* Exercise prompt
Please make sure what you return matches the listing below exactly, minus its pictures.

*** Opening Exercise data ***

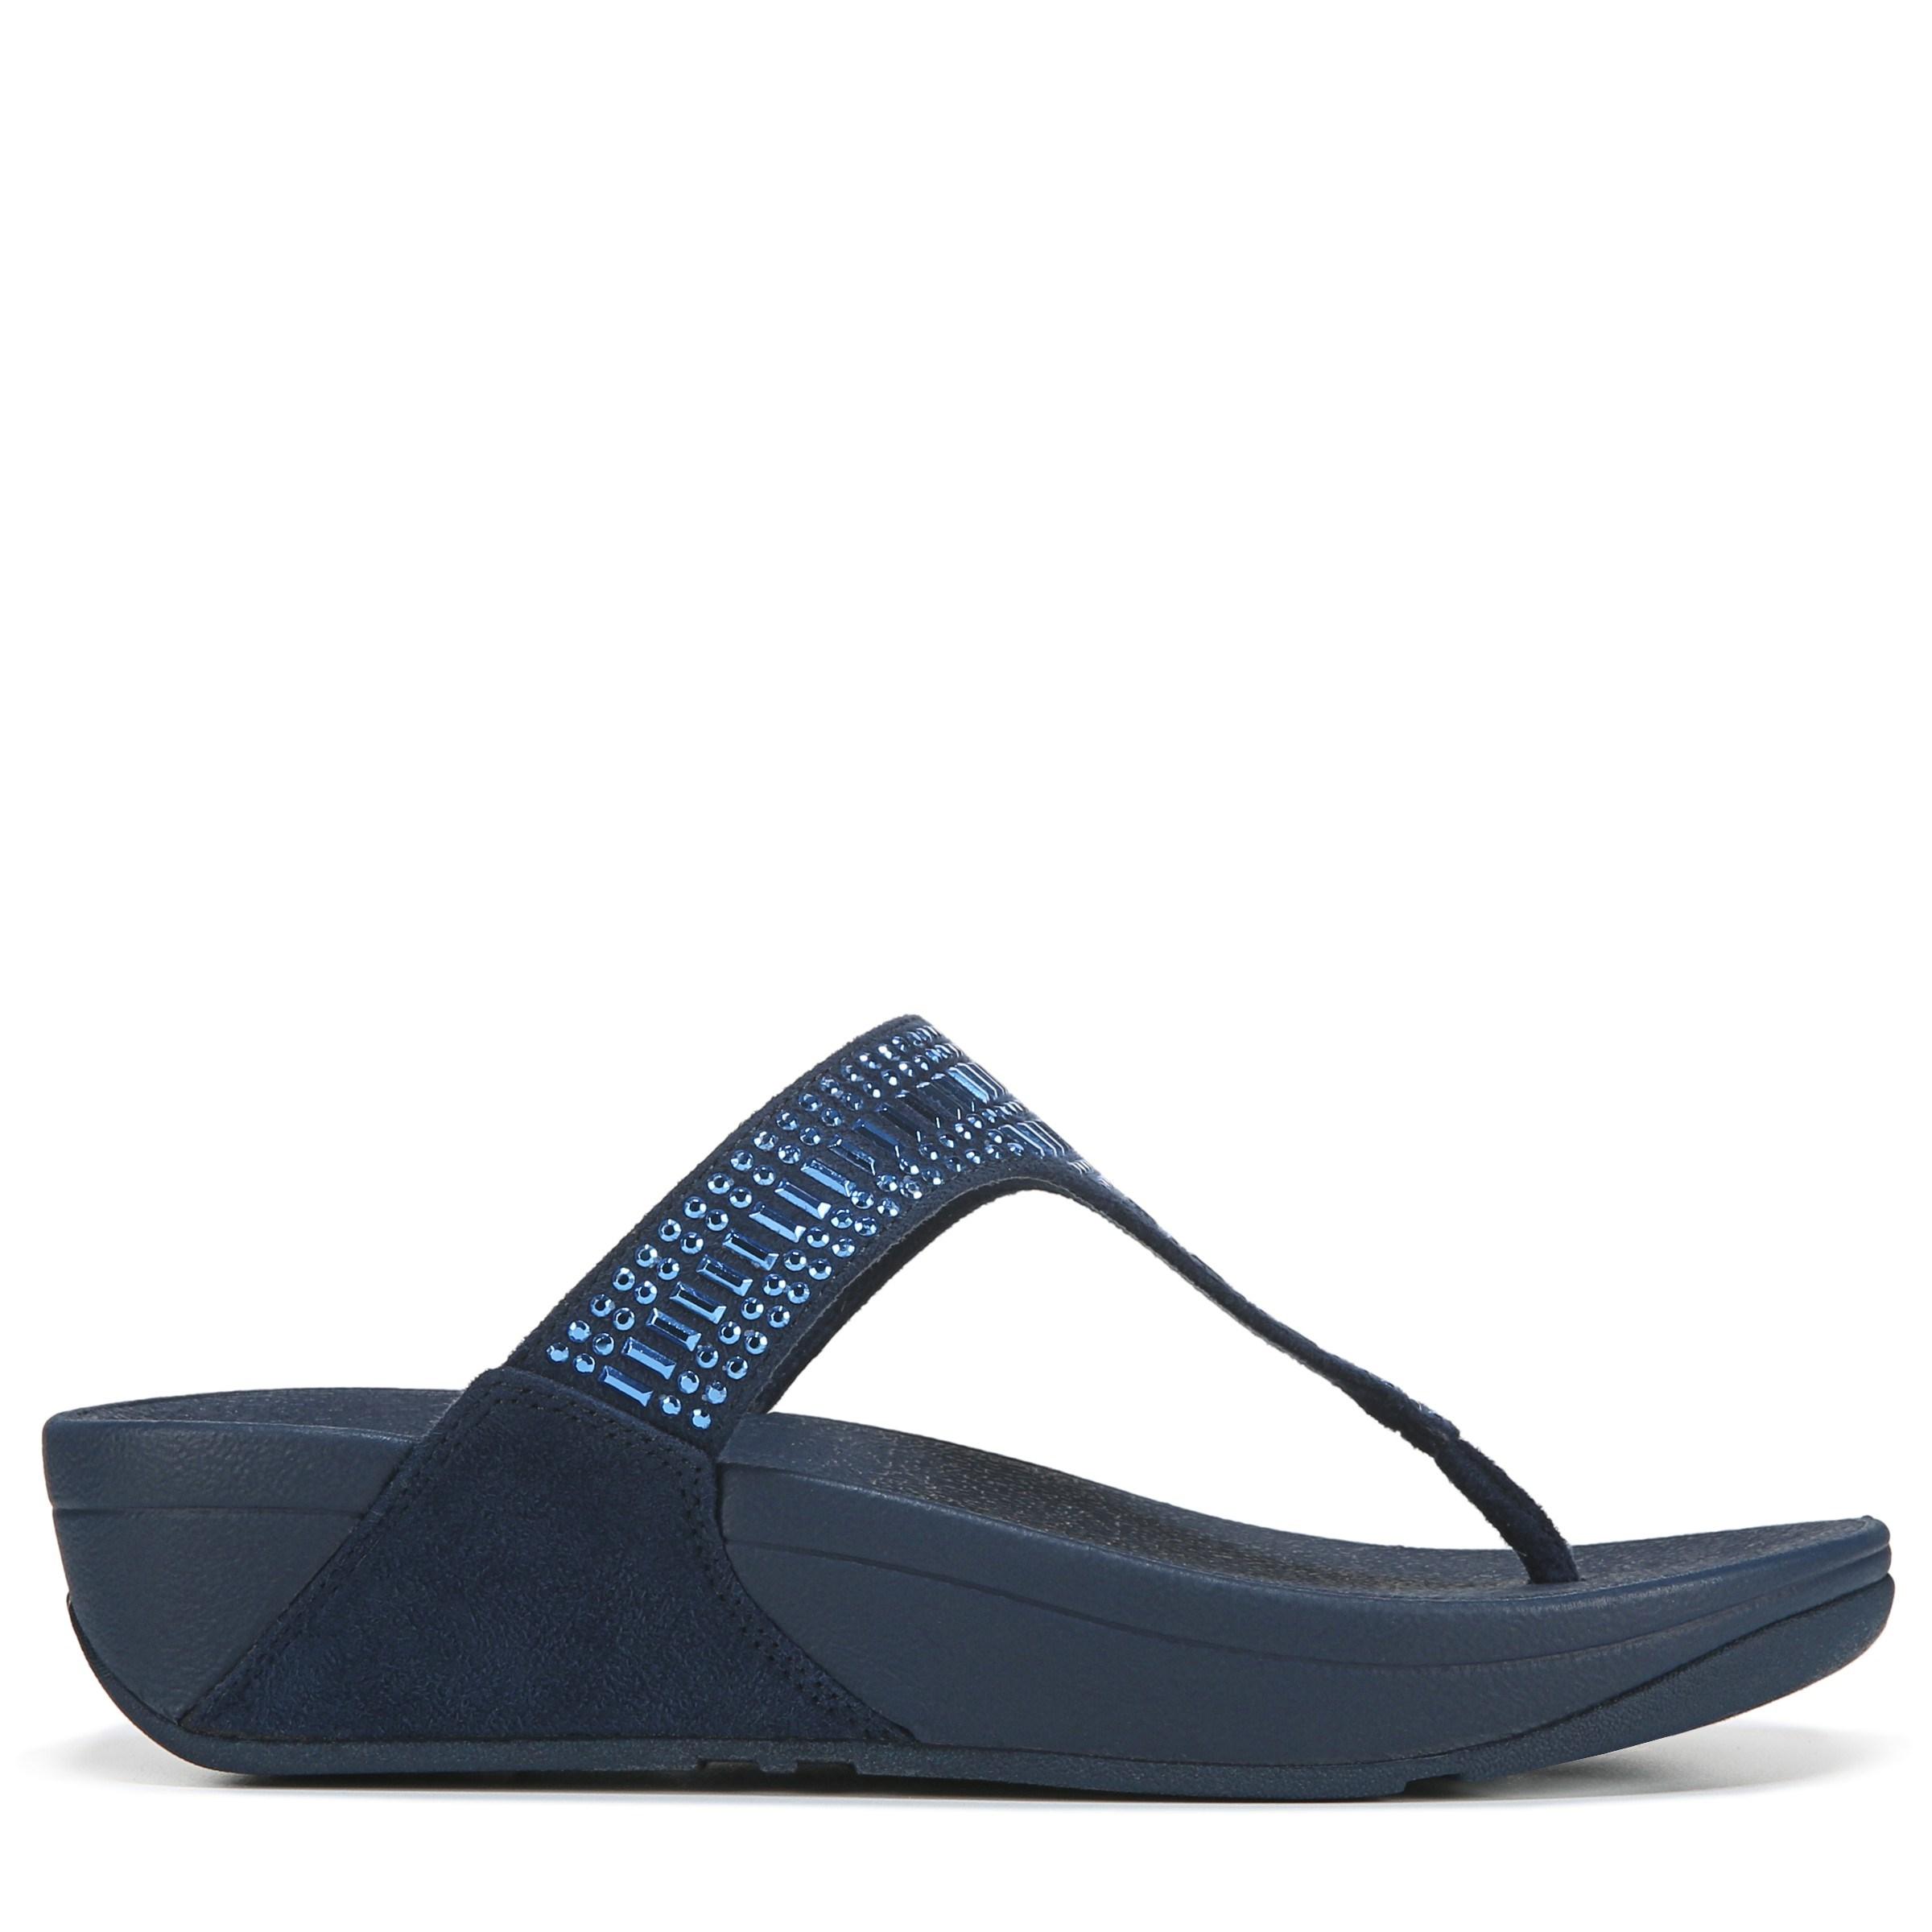 Fitflop Rubber Incastone Wedge Thong Sandals in Navy (Blue) - Lyst
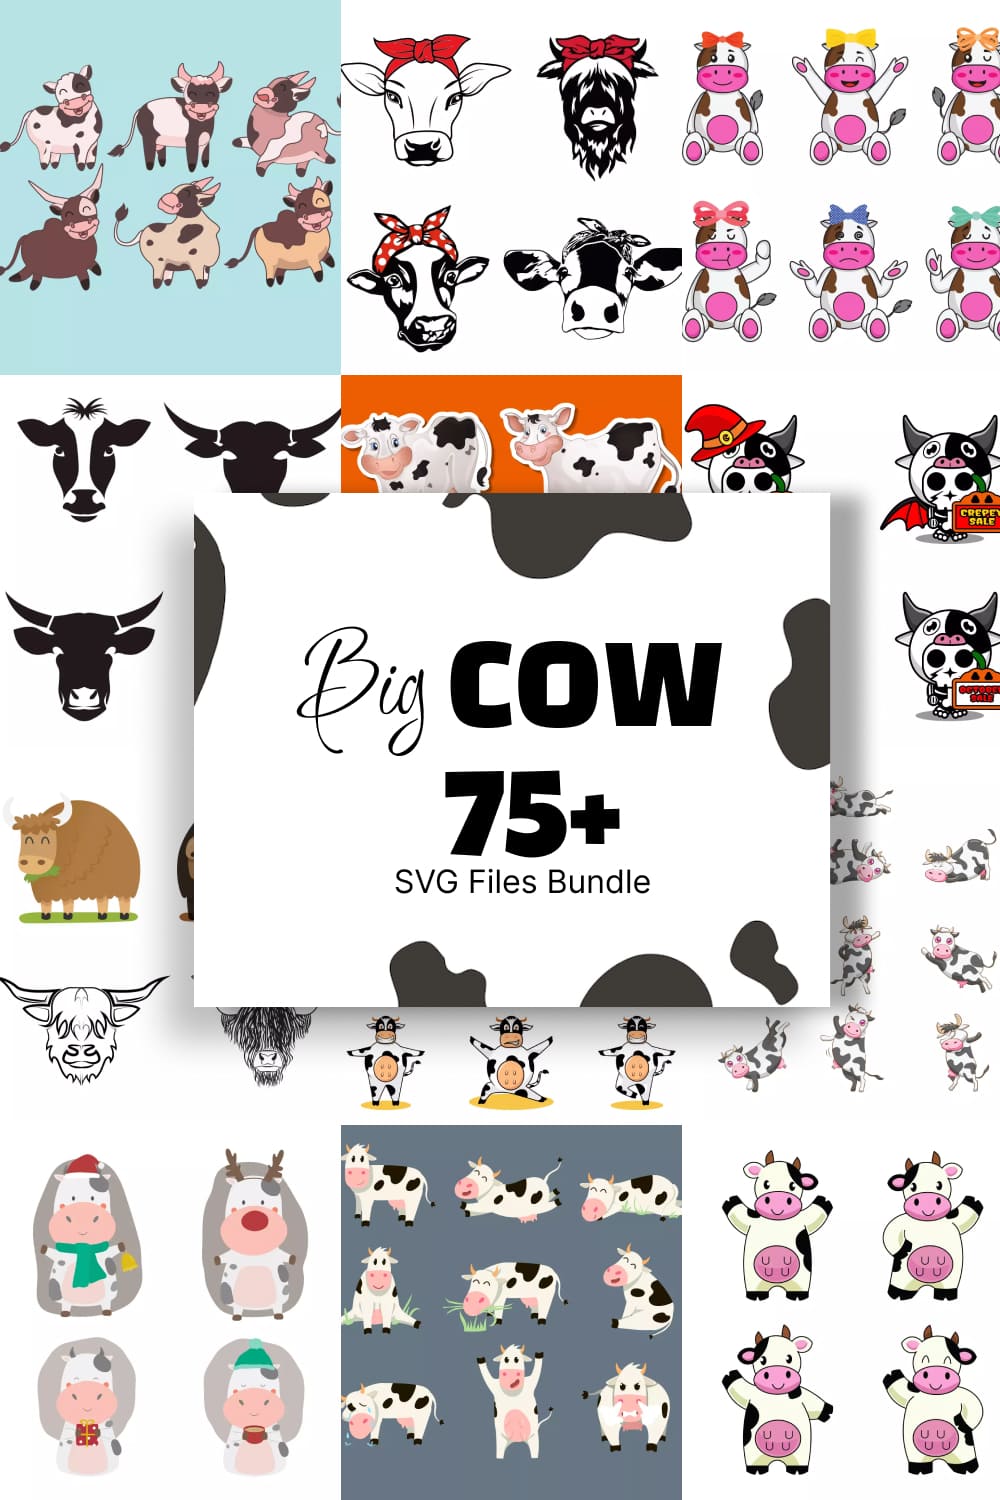 Large collection of cow stickers and decals.
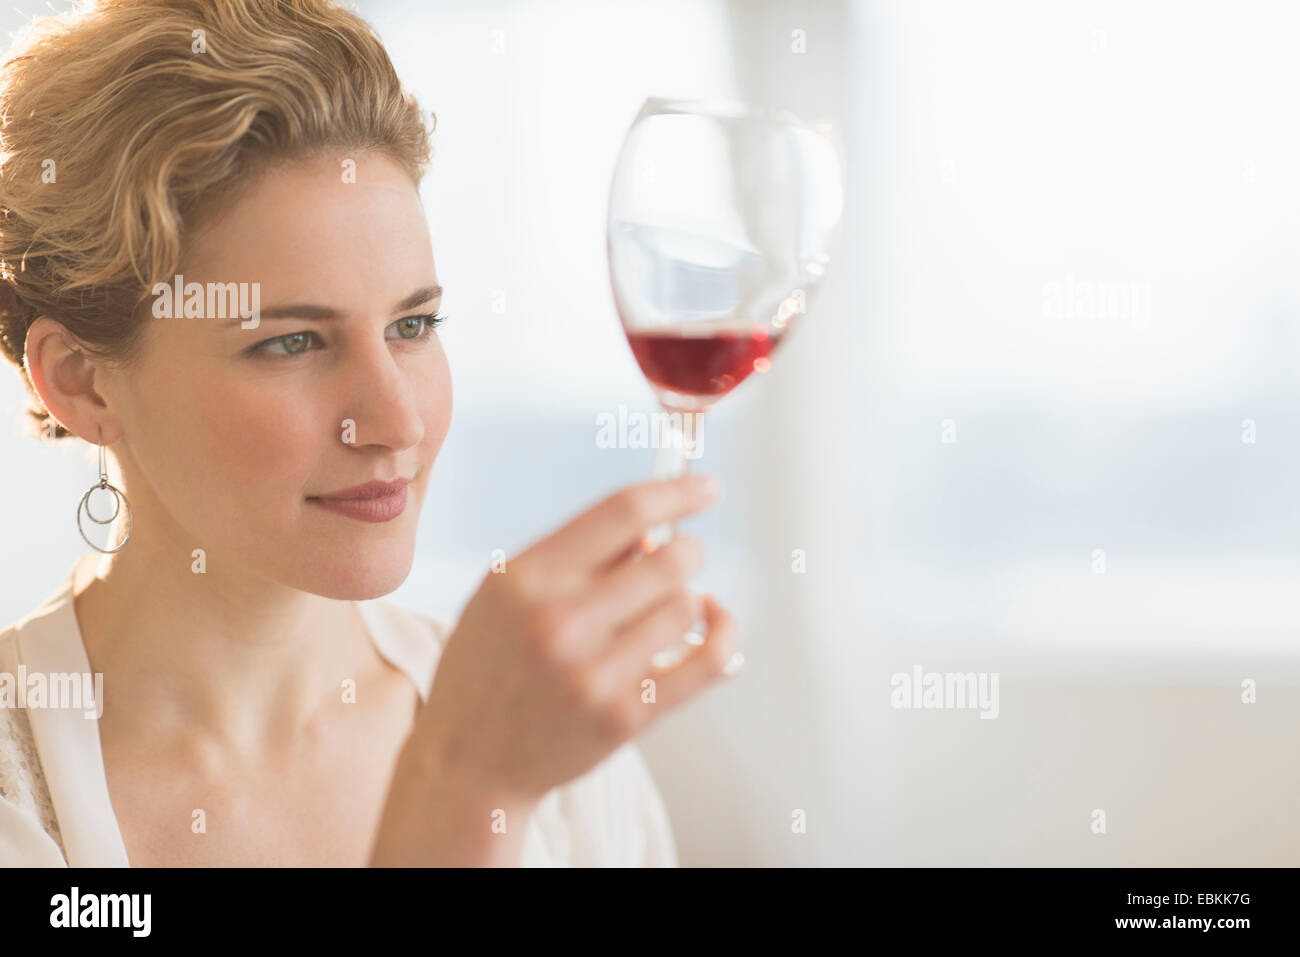 Young woman examining red wine Stock Photo
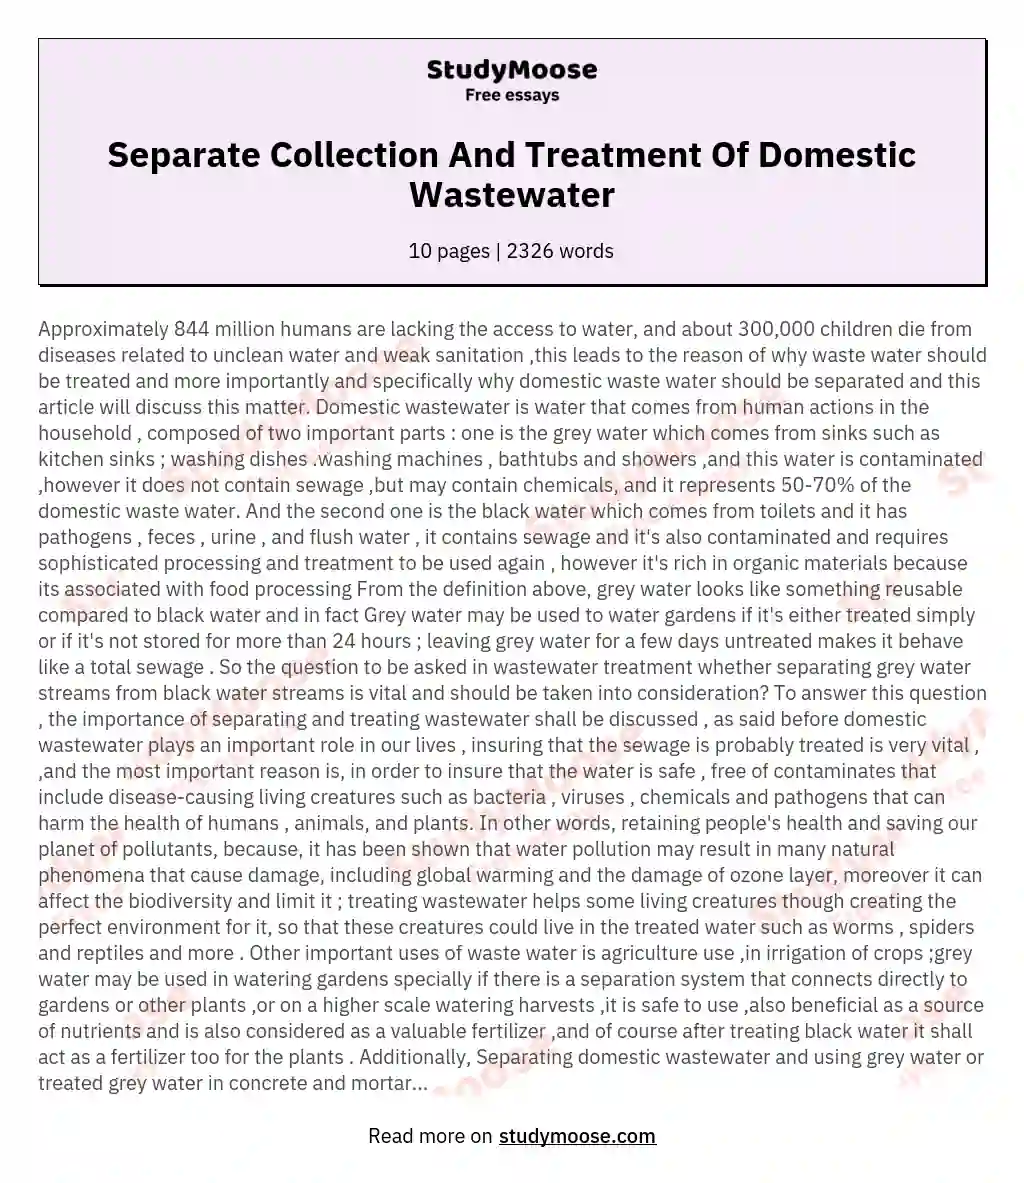 Separate Collection And Treatment Of Domestic Wastewater essay

*** Closing Exercise data ***

* Result of the exercise
 Fitflop Rubber Incastone Wedge Thong Sandals in Navy (Blue) - Lyst
 Large collection of cow stickers and decals.
 Young woman examining red wine Stock Photo
 Separate Collection And Treatment Of Domestic Wastewater essay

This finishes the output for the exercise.